Are you going to teach both chi-square and Fisher? Or just the best one?
 
#7
I am planning to teach both, since certainly they will see chi-squared referred to, and I want them to know what it does and how it works and what its limitations are. In addition, I have to confess, I haven't yet learned what the best exact version of a goodness-of-fit test is for proportions, and I want to talk about that. But I also want to give students a sense of how modern computing has changed best practice. It seemed from what I have been reading that for the sort of situations you meet in most textbooks, you might as well do an exact test rather than chi-square, given its easy implementation in R. Does this get bogged down when you have about 10 variables? I can imagine it might, but I
haven't tried it.

It is very interesting to hear about what the data you deal with in practice is like. Do you generally work with a given researcher
through the design, pilot, and full analysis phases, or do they tend to come to you with data? what areas does the research tend
to be in? I am wondering where these hundreds of variables are coming from, and how you can hope to get anything significant
with so much potential for co-incidental interactions among them. I don't know anything about this sort of thing, and I am curious how it works.
 
#8
In every statistics class I have ever taken chi square is brought up. Even if there are better methods, its wise to at least discuss it. It might be helpful to distinquish between a chi squared test of independence (a specific test) and a chi square distribution used in a wide range of statistics from structural equation models to logistic regression. If you are new, the differences can confuse.
 

Mean Joe

TS Contributor
#9
It is very interesting to hear about what the data you deal with in practice is like. Do you generally work with a given researcher
through the design, pilot, and full analysis phases, or do they tend to come to you with data? what areas does the research tend
to be in?
For instance, I work with doctors who treat patients (patients with cancer, or patients with diabetes, or others). I am a "secondary statistician"; the researchers do work with a "primary statistician" through the design, pilot, etc, but when it comes time for analysis then I finally come in myself. So it does happen that multiple statisticians are involved, and they come in at different times during the research.

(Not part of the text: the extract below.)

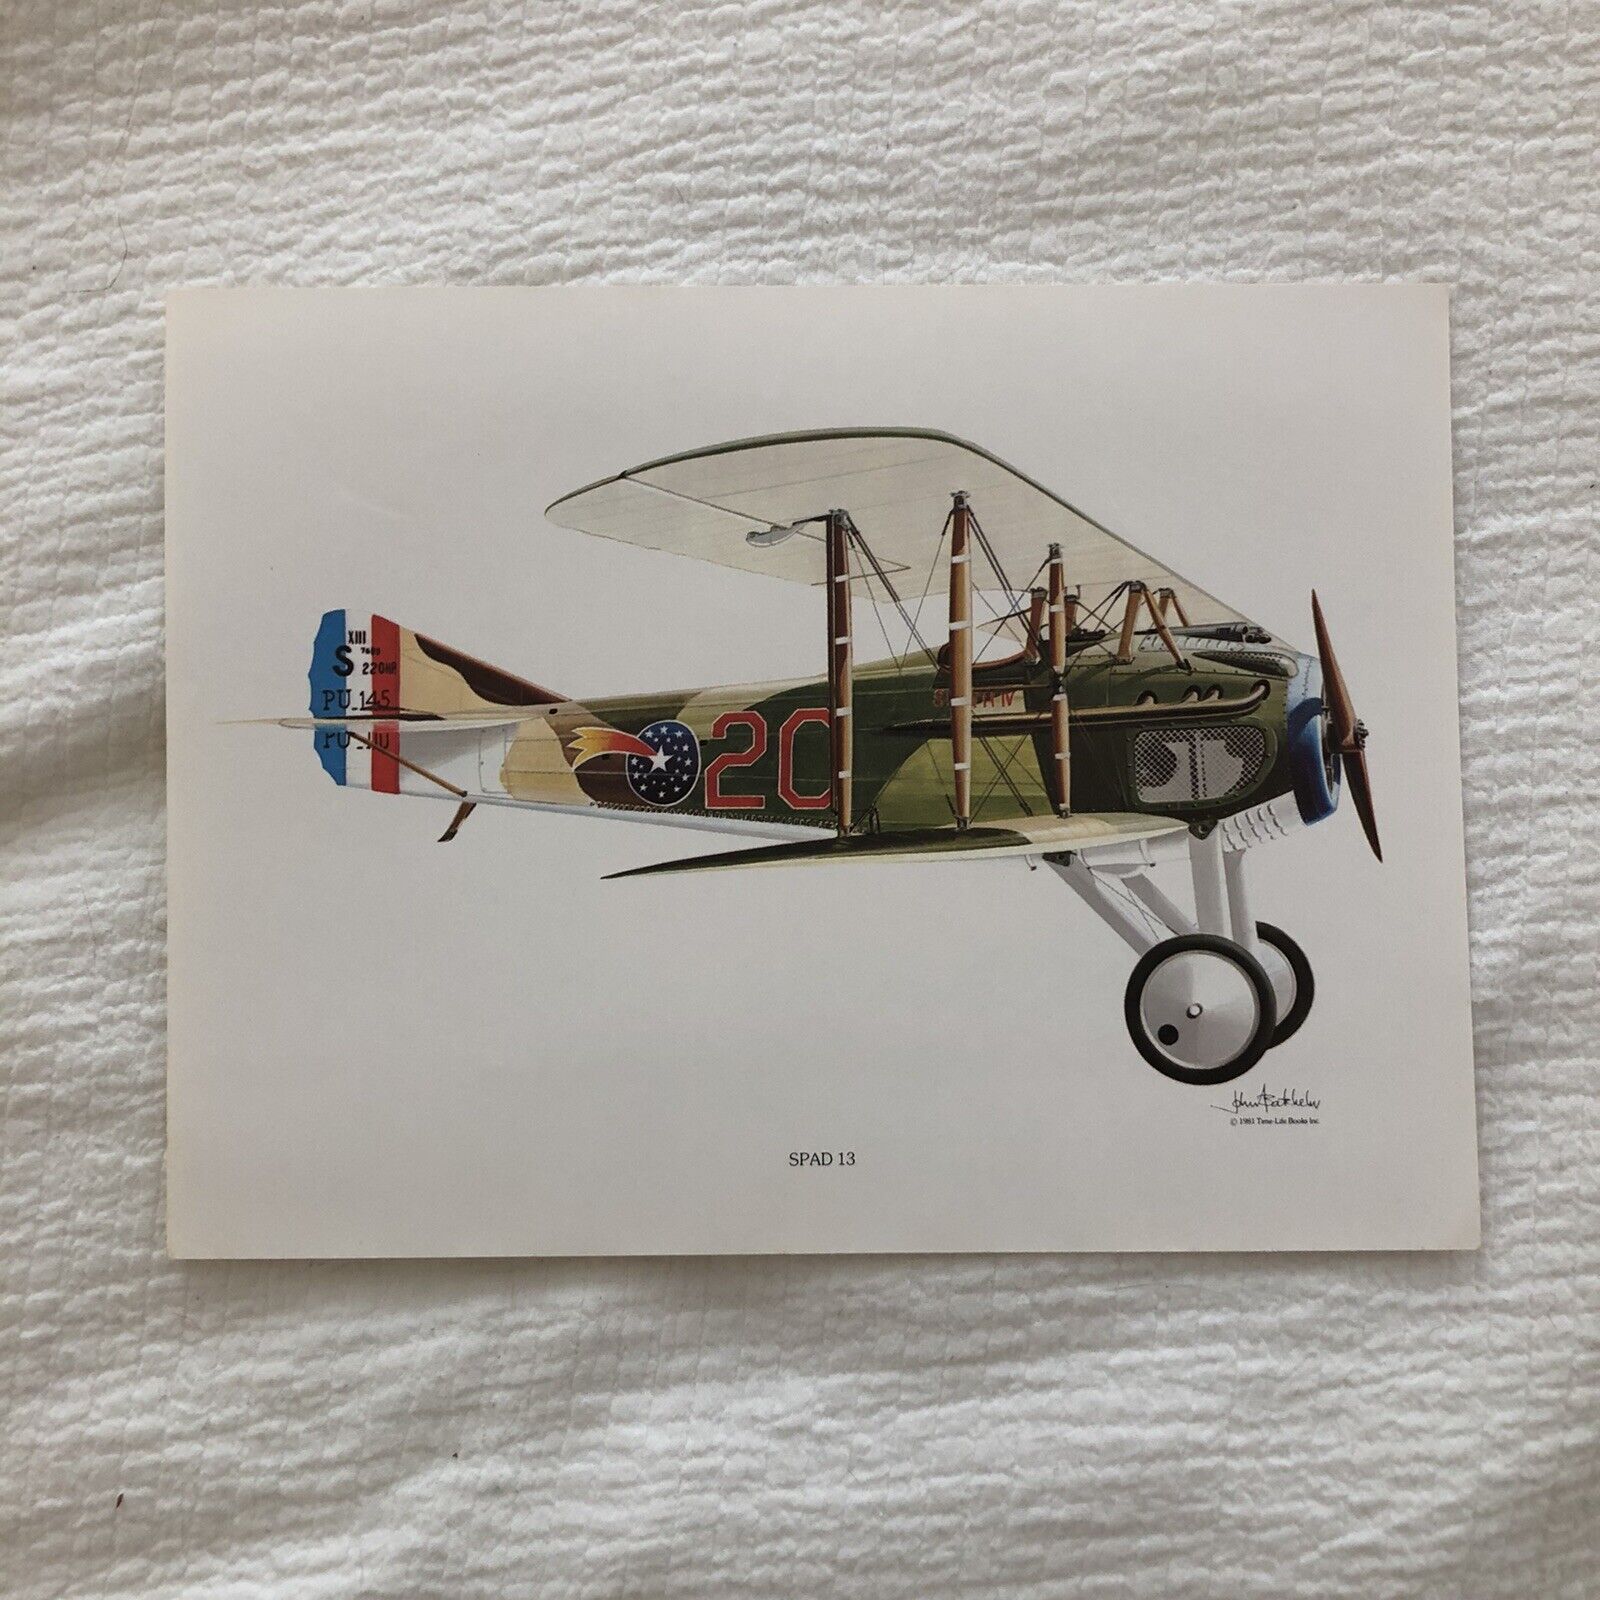 Spad 13 Air Plane Illustration Vintage Color Print 1981 (10.75x8in)

All the variables come from: treatment (there can be several treatments such as radiation, chemo, several medications, etc) which can lead to several binary variables, death, cause of death, survival time, etc and of course the basics age, sex, ethnic group, socioeconomic status (can be measured by several variables). Survival time itself can be split into binary variables (survival_lessthan_1year, survival_greaterthan_10years, etc). And you can run many tests of binary variables for treatment by survival, until you get a chance to talk with the researcher and know what (s)he wants. And sometimes you find something in your explorations that are news to the researcher, which (s)he may or may not be interested in when you meet.

how you can hope to get anything significant
with so much potential for co-incidental interactions among them
It takes some experience. You need more than statistical tests to do statistics; you also need to know the area of research. Check your significant statistics with accepted theory. If you find something that can't be supported by accepted theory, then be cautious in reporting it. Talk with others. I guess as a statistician you never work alone.
Also, you can run several tests to see if significance holds in all of them; and if they don't, can you understand why? eg back to survival times, you probably start with the whole study population and the continuous variable, then do more tests to see if some subjects with very long survival times (survival times are calculated from diagnosis to last contact...subjects in lower SES may only visit the doctor once in 5 years, so last contact date may be 3 years ago so survival time is censored...) are biasing your results. It takes some experience.